Like the sodium in lye -- sodium hydroxide?

"...Her washing machine drains into field lines in her yard, not a septic tank or sewer...."

I have to say that's pretty unlikely. All properly designed home sewage systems have two main components -- a septic tank and a drainage field.
http://www.epa.gov/septic/brochures-and-fact-sheets-about-septic-systems-homeowners

Keyword here is "properly designed". My parent's lakehouse does the same thing. The bathrooms and kitchen water go into a septic tank, but the laundry drains into some field lines, or maybe one of those things with the gravel, I think it's called a French drain? Both of these are older houses way out in the country, so while this is probably technically a violation of code, nobody actually cares or enforces it. We really try to limit the laundry we do at my parent's lake house because we are worried about runoff into the lake. But when we do laundry, we have random little foamy streams appearing in different parts of the yard. I think what happens is that the homeowners have the laundry room added on years and years after the home is built, and rather than run lines to the septic tank they just have the water go in the yard, because it's way cheaper.
 
Yep, I agree -- it sounds like the laundry water is going to a french drain or possibly to a "dry well". (In older designs, a dry well is basically a hole dug in the ground and filled with rock or gravel.) Problem with a drain/drywell is exactly what you describe -- it's really easy to end up with a muddy mess in the yard. And if there's raw sewage in the drainage water -- as would happen if someone plumbs a toilet to the so-called "sewer" -- then it can end up being a muddy health hazard. :-|
 
Yucky. Fortunately, not the case here!

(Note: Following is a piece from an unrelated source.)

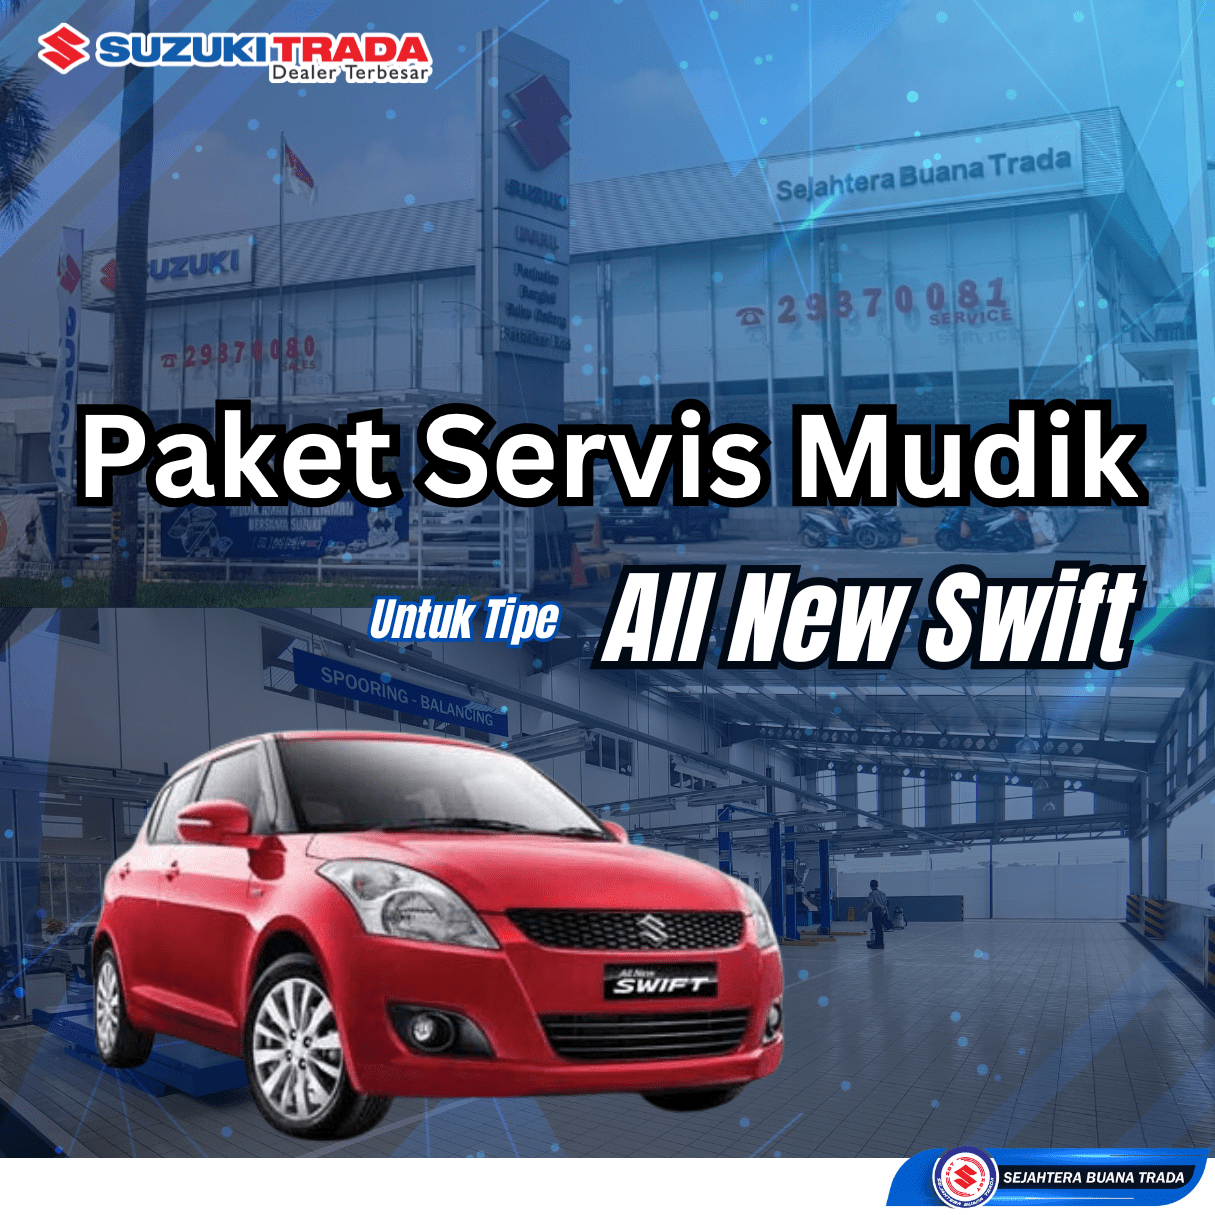 Paket Servis Mudik All New Swift

Although at the lake house, one of the toilets drains into the wrong half of the septic tank. Apparently septic tanks (at least some of them) are divided in half. The half that toilets drain into is designed so that toilet paper can't make it into the field lines until it is completely dissolved. Plus the previous owner built a sidewalk over half of the tank. So eventually my parents (or the next owners) are going to have to tear up the side walk to get to the tank, and then have that toilet re-routed to the correct half of the tank.
 
I sooooo do not envy your parents! Septic fixes are messy, muddy, and nasty.